Monday, June 25, 2018

606 - Plain as Day

Spirituality Column #606
June 26, 2018
Common Christianity / Uncommon Commentary

Plain as Day

By Bob Walters

"The Christian ideal has not been tried and found wanting.  It has been found difficult and left untried." - G.K. Chesterton, Orthodoxy, 1908

The sincere mainline Protestant minister presiding over the huge, recent funeral spoke eloquently of the deep, comforting love of God that sustains us in our grief.

At a beautiful lakeside wedding – unsheltered outdoors at the edge of a pure forest by a pristine beach with ominous, awesome storm clouds rolling along the fog-dotted Great Lake – the hired officiant spoke with surety to the small assembly of the great love that exists and its power to hold us joyously closer to all things around us.

Yet … never at the funeral did the minister assert the truth that the great Godly love of which she spoke is known to humanity only because it is embodied in Jesus Christ.  Never at the wedding – rich with love and atmosphere and the magnificence of God’s Creation – was God’s love mentioned or the name of Jesus uttered.

And yet surely, God was in every heart; Jesus not far from anyone’s mind.

Current secular, cultural evidence and polling suggest the “nones” – those with no religious affiliation – are ascendant.  Christianity is fading and secularism is the new normal.  Plainly, all popular roads these days seem to lead away from the heart of Jesus and into the great maw of worldly humanism.  Jesus Christ says “I am the way and the truth and the life; No one comes to the father except through me” (John 14:6).  Modern society, instead, says either, “I decide my own truth,” or “There is no truth.”

And yet, God and Jesus – and the Holy Spirit – absolutely illuminate in our hearts the sense of occasion, warmth, relationship, and cosmic yearning for a glimpse at that mysterious “greater thing” – God in all His glory – so plainly right in front of us.  Our hearts know it, but our minds refuse to name it and even preachers refuse to say it.
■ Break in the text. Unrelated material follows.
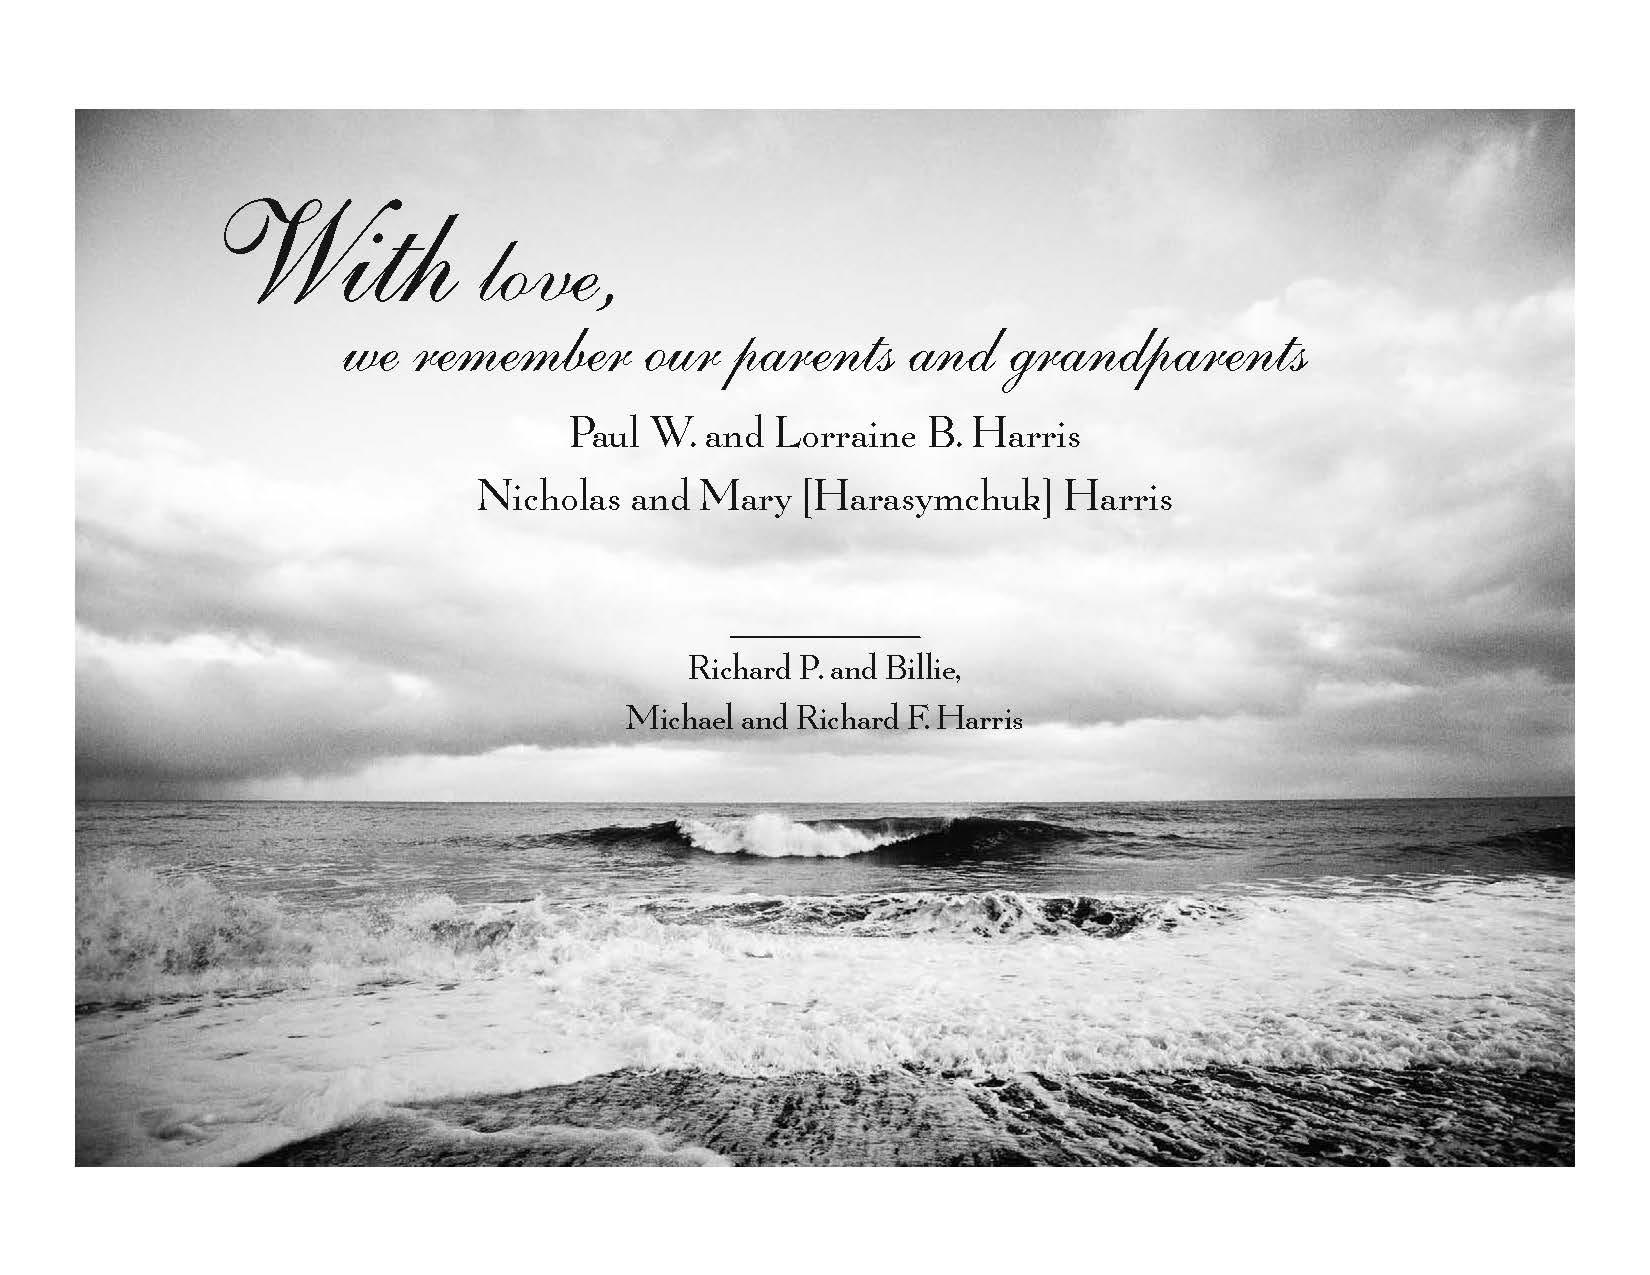 Tribute ad

I think of those among us whose souls in their moments of greatest grief and greatest joy are left with a pain they cannot assuage or a hope they cannot explain.  Christ is plainly that comfort and that truth, available to all, but we are unwilling to believe.  Chesterton (above) grasps the difficulty of grasping the obvious: our perfect companion in this imperfect, fallen world is the perfect person of Jesus.  Our challenge, “our mission if we choose to accept it,” is to put in the work necessary to connect that famous “God shaped hole in our hearts” to an assured reality of Christ in our minds.

What’s hard about it?  Faith is what’s hard about it.  Lots of theology and religion professors have put in years of work understanding church and scripture with no faith in the truth of any of it.  It’s merely an academic exercise in anthropology and psychology.

When everyone around you is convinced “God wouldn’t allow this” and every cultural institution and cause defines a god – actually an idol – to fit their worldly needs, of course these great moments of faith are going to fall short of the Glory of God.

Jesus is what makes those moments happen, and to me it is as plain as day.